When you are buying a house, you have to make an upfront deposit, aka a down payment. For many people who are buying their first house, the deposit along with other upfront expenses is the biggest hurdle.
For many, the mortgage can be a steeper challenge. It is fair to infer that most young homebuyers find it difficult to put together a substantial amount of money for the deposits – even though they can manage the mortgage given their recurring income.
There are certain realities you need to know and you should have a plan in place to put together your deposit. Here are the dos and don’ts of deposits.

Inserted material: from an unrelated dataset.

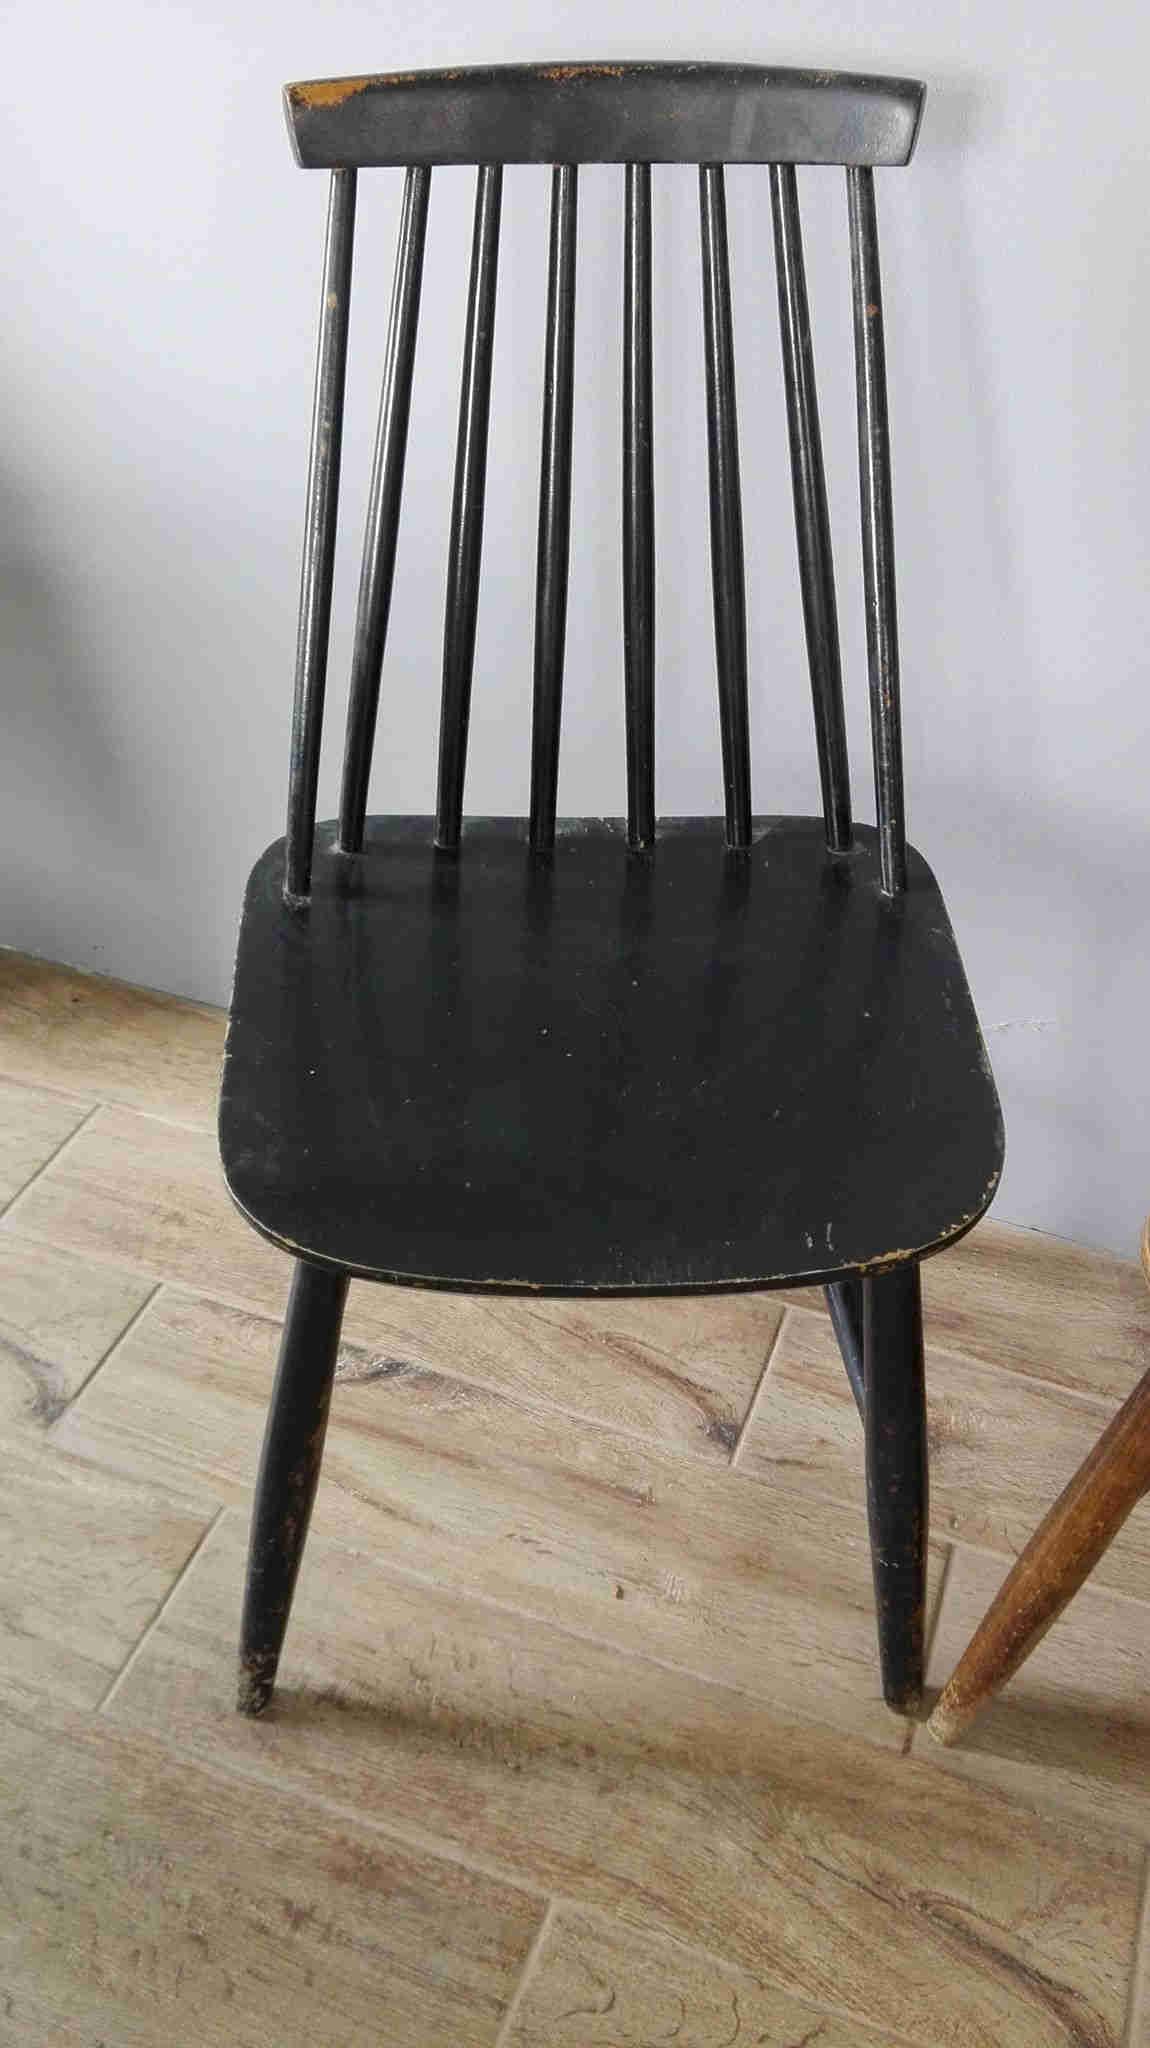 Krzesło fameg model A5910

- Your target should be to put together as much money as you can for the deposit and to get a loan for the remaining. Far too many homebuyers, especially the first-timers tend to make the least deposit that is acceptable to banks and they end up taking a massive home loan. That results into a staggering mortgage and one has to deal with the hefty payback every month. It is not just about the money you pay back or how much you have to pay every month. It eventually boils down to the amount of money you pay towards interest. With a larger deposit, you would pay less interest, you can reduce the term of the home loan and you can even pay it back entirely much sooner than having a larger loan.
- Don’t invest all the money you have into the deposit. You need money at hand. Don’t break all your savings or use the entire fortune you have to make a larger deposit. If you are being pressed for cash, then reduce the deposit. If you cannot come up with the least deposit, wait till you have enough money. You can ask for some help from your family or a loved one but that is not the best way to go about it. You would have a loan to repay and you would be indebted to the person lending you money as well.
- A larger deposit will make you more eligible for a loan. Issues pertaining to wage or dependents you may have will be leniently assessed when you make a large deposit.
- It’s not the best idea to make a small deposit and pay a larger instalment every month. Paying a hefty mortgage would cut down your scope of savings. A bit of crunch now, owing to a larger deposit, can make way for savings every month down the line due to a more affordable mortgage.